Colonus beware. Read Liviticus.

Pecan One said:

Cavete Emptor

or

Colonus Emptor

Dave and Buddy, your posts make my day. Excellent analysis and comparisons.

Further thought of this article brings to mind some additional concerns.

1. States should consider regulating the gathering charges by intrastate pipeline to prevent excessive prices being deducted (to leases that provide for such charges). This would enable equitable treatment to royalty owners by having a more level playing field when it comes to these types of charges.
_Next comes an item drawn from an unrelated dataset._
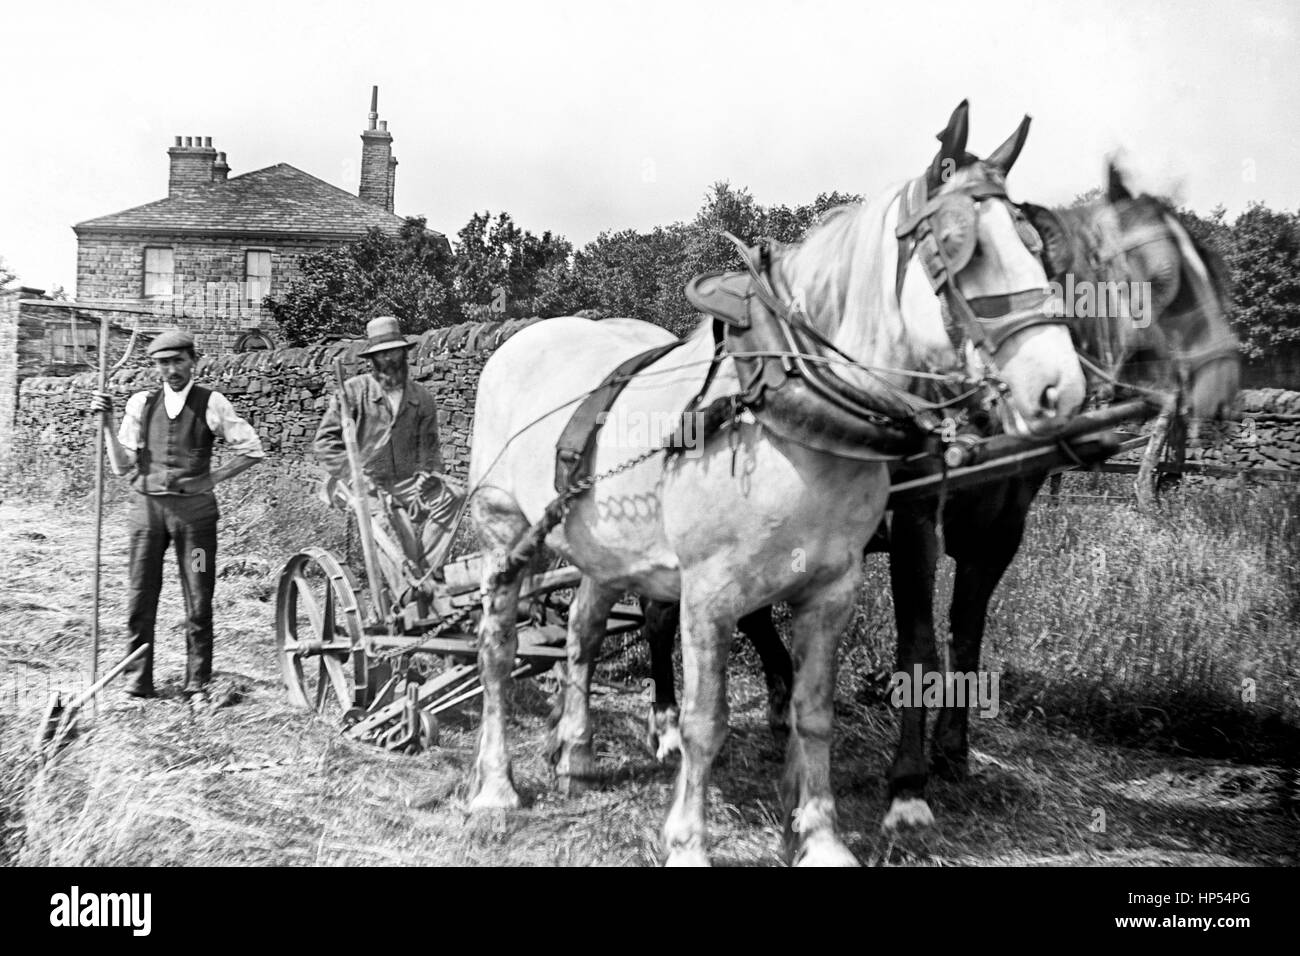 Ein Landwirt, auf der Maschine sitzt, in Keighley, Yorkshire zeigt seine neue Bamford Grass Cutter zu zwei Pferde vorgespannt. Ein Landarbeiter steht an der Seite der Maschine, die eine Holz- Dreigleisigen pitchfork. Auf der Rückseite und über die Hecke ist das Bauernhaus. Noch im Jahre 1900, aus einer hochauflösenden restauriert von der original viktorianischen negative zu scannen. Stockfoto
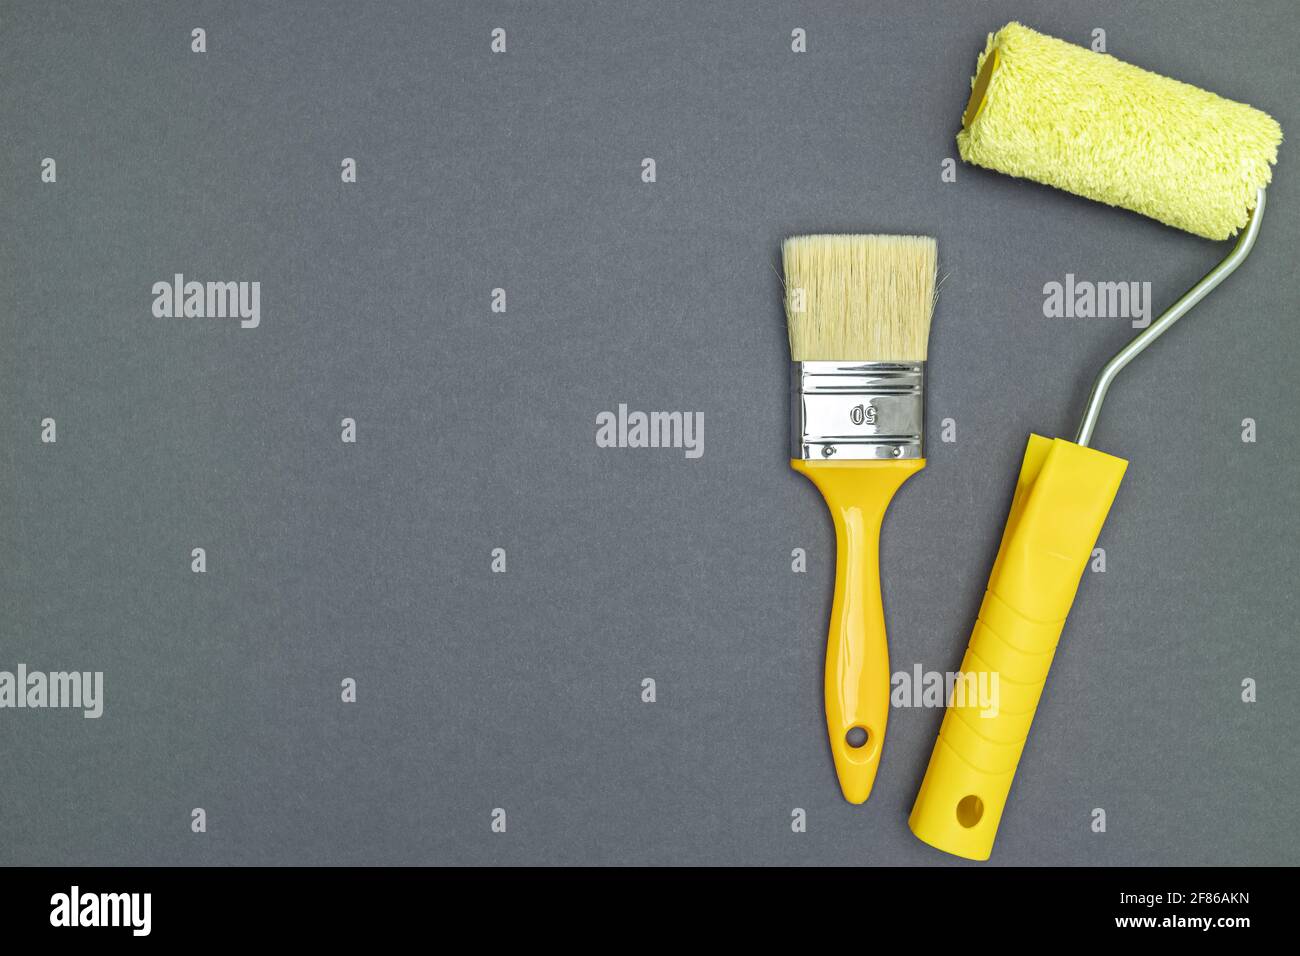 Malwerkzeuge für Hausrenovierungen - Pinsel und Farbe Rolle auf grauem Hintergrund Stockfoto

It would also allow for operators who do not have the ability to have such lucrative contracts and have paid gatherers (and charged) lessees a "fair" price for transportation fees, to have a level playing field with other operators who obviously hold a nice competitive advantage with the inflated contracts. Wouldn't other companies who have played by the rules (or much closer to them anyways) want to see this happen (essentially disallowing the competitive advantage held by a few)?

2. What happens to wells that are sold to a different operator, or foreclosed by a lender and then re-sold? Is the contract with the existing gatherer ( for example - a gathering charge several times above a typical arms length charge in the area) still in effect, or would a foreclosure (obviously a rare case) nullify that contract and therefore a new contact must be agreed to?

3. If a state law was enacted, how does it impact existing contracts?